*EXERCISE INSTRUCTIONS*
Scan the data. Collect each line that contains the word "carats".

*MATERIALS PROVIDED*
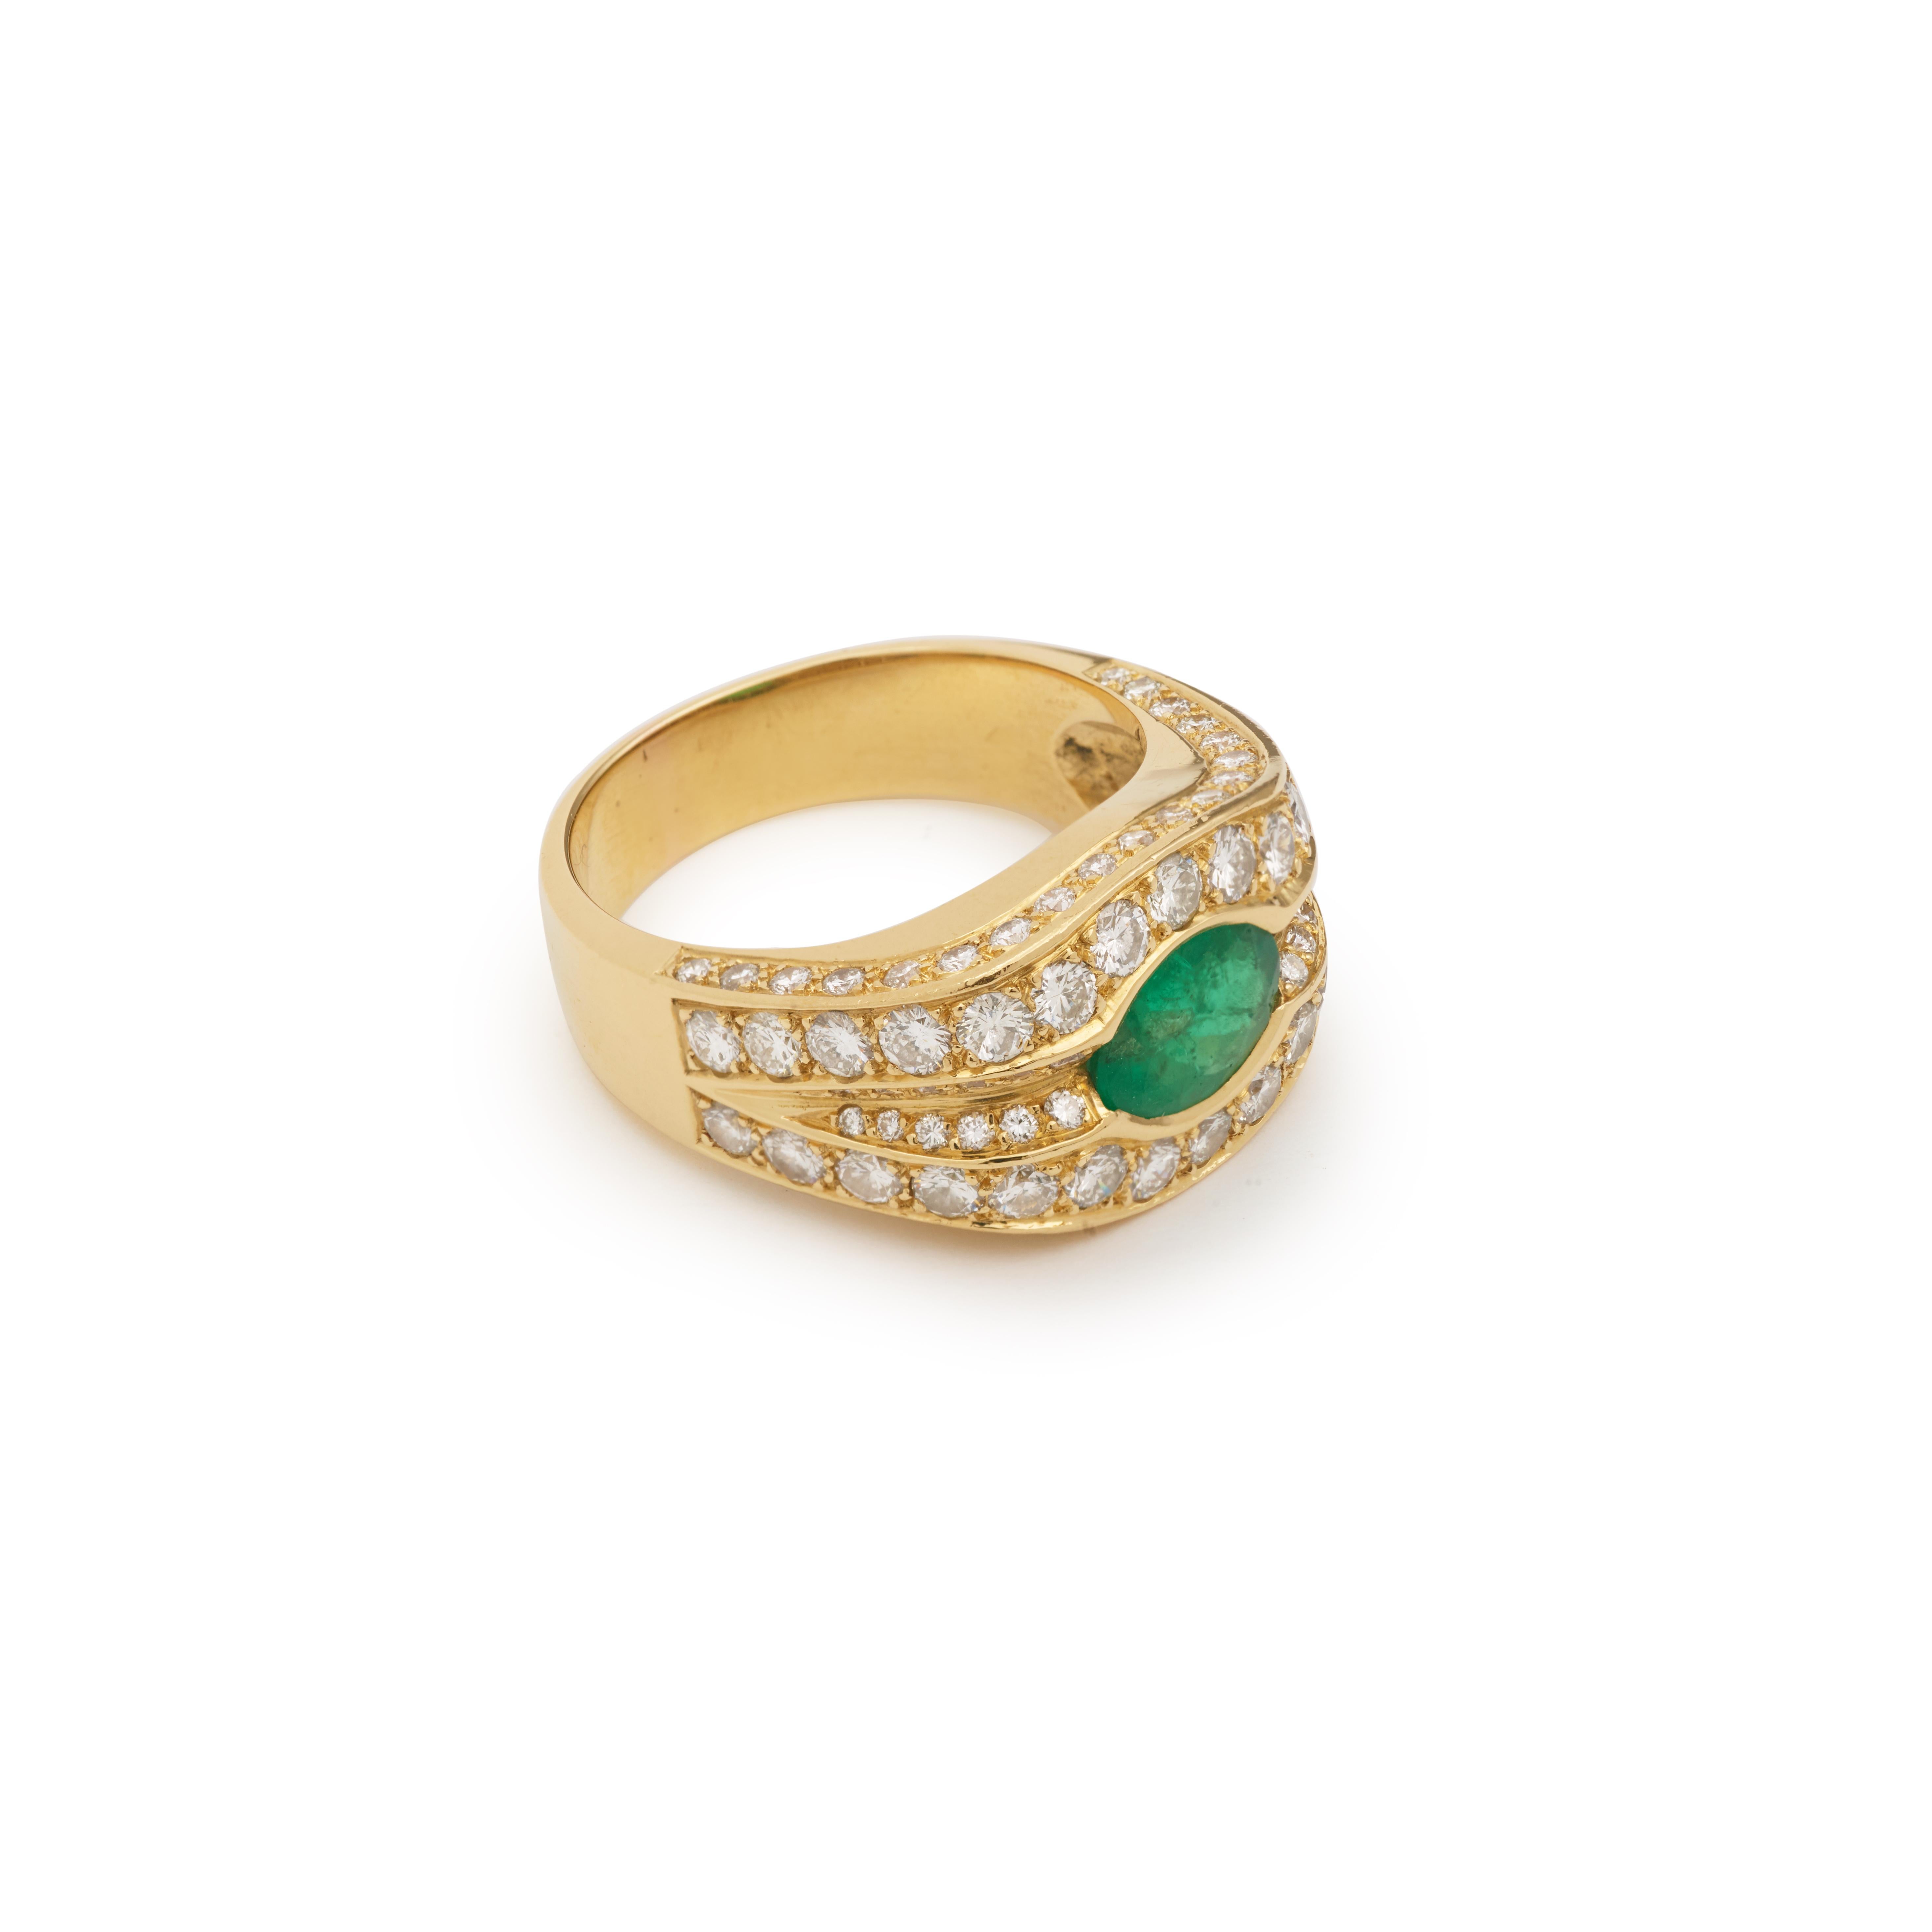 Splendid yellow gold ring set with modern cut diamonds enhancing a very beautiful oval cut emerald.

Weight of the emerald: 0.50 carats

Total diamond weight: 2.50 carats

Dimensions: 1.70 x 1.33 x 0.58 cm (0.67 x 0.51 x 0.20 inch)

Finger size: 61
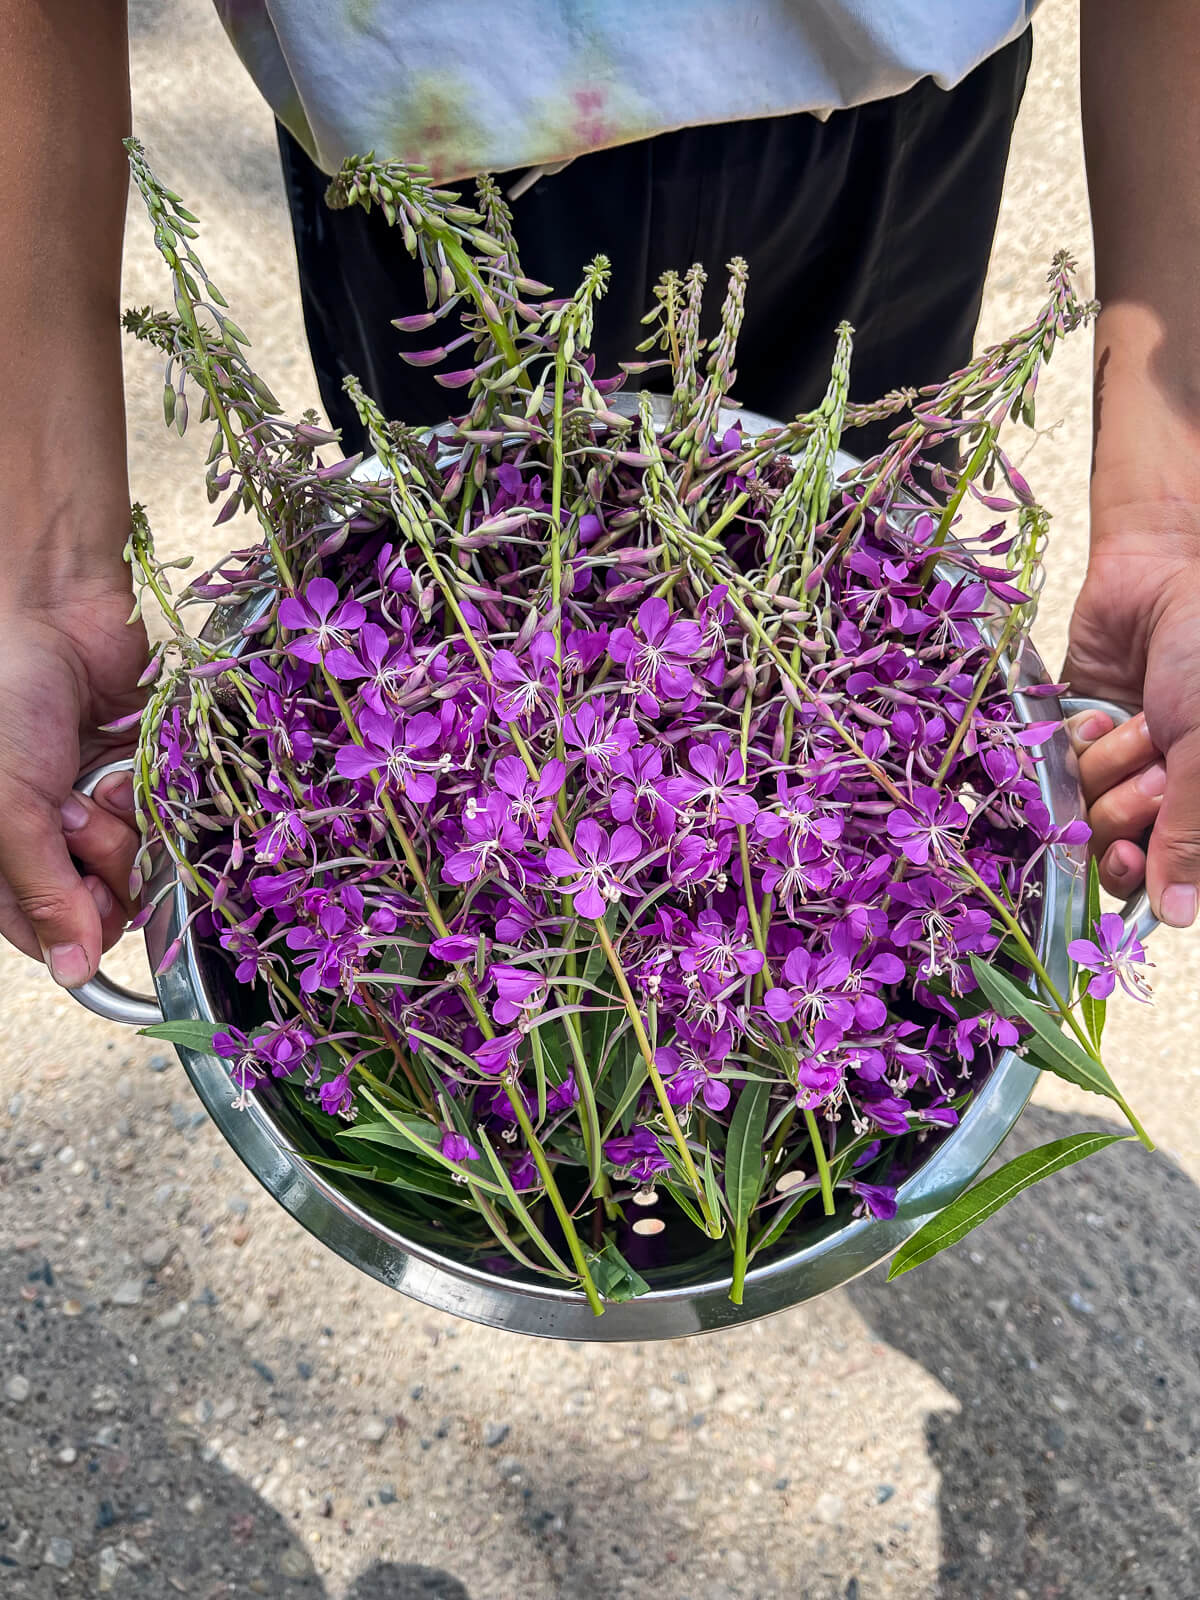 Harvested fireweed in silver bowl. 
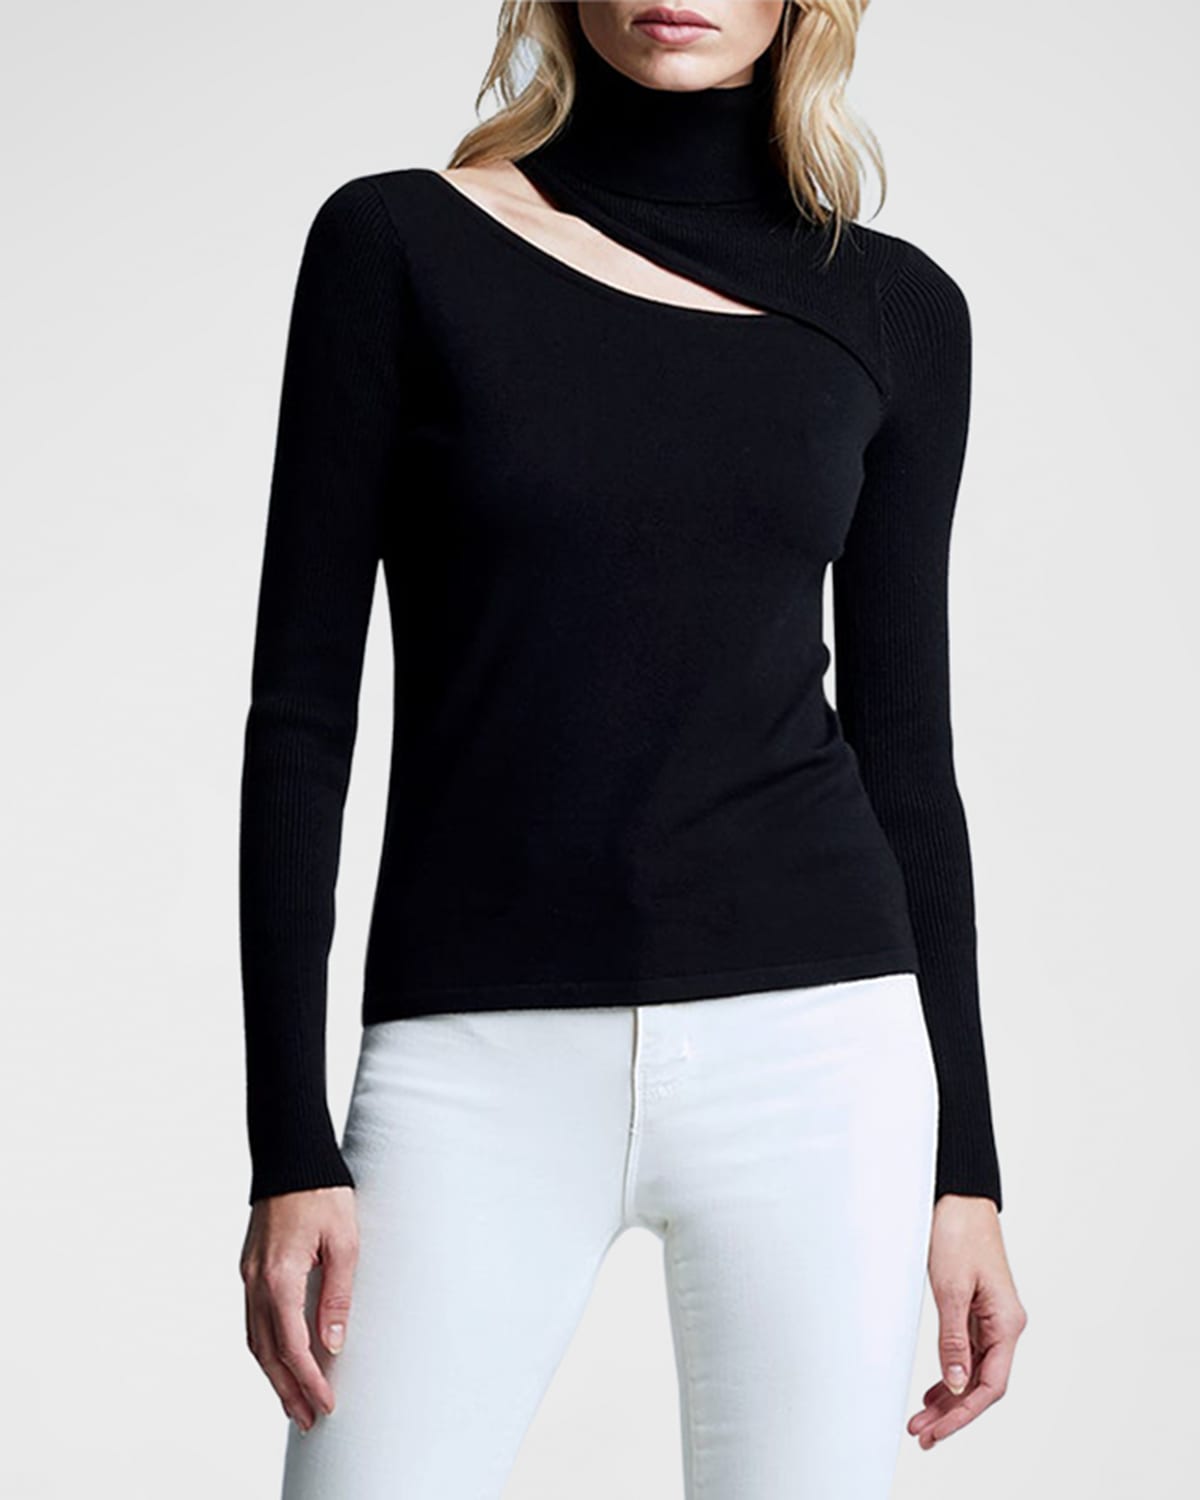 L'Agence Everlee Cutout Sweater
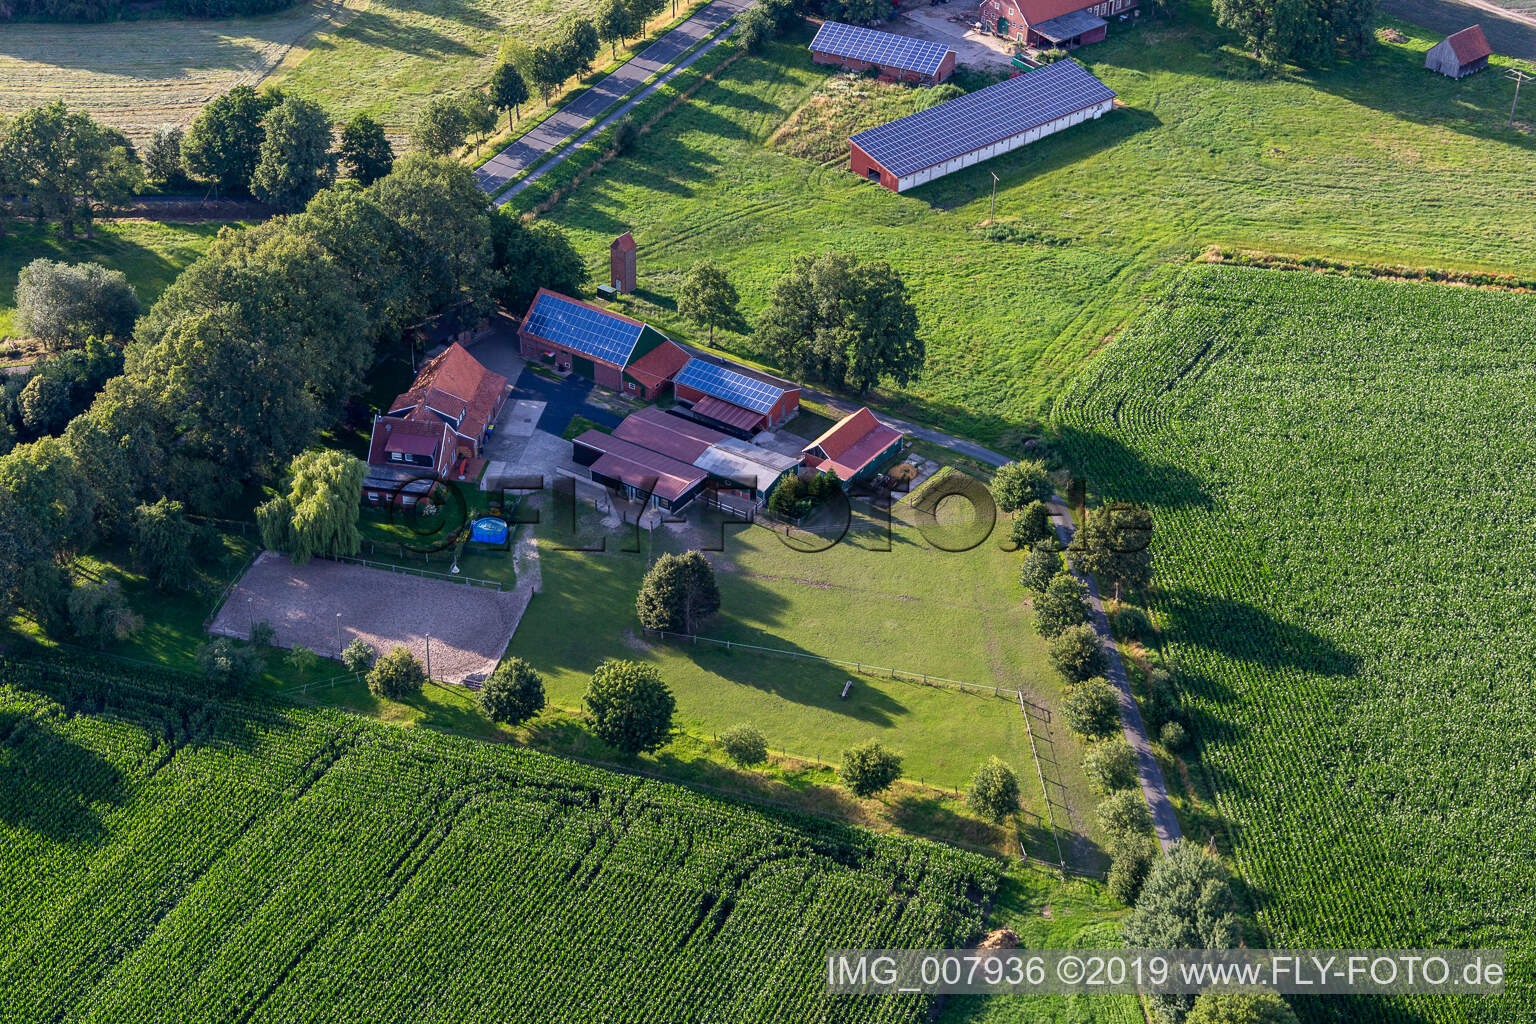 Drone image of Gescher in the state North Rhine-Westphalia, Germany

*YOUR RESPONSE*
Weight of the emerald: 0.50 carats
Total diamond weight: 2.50 carats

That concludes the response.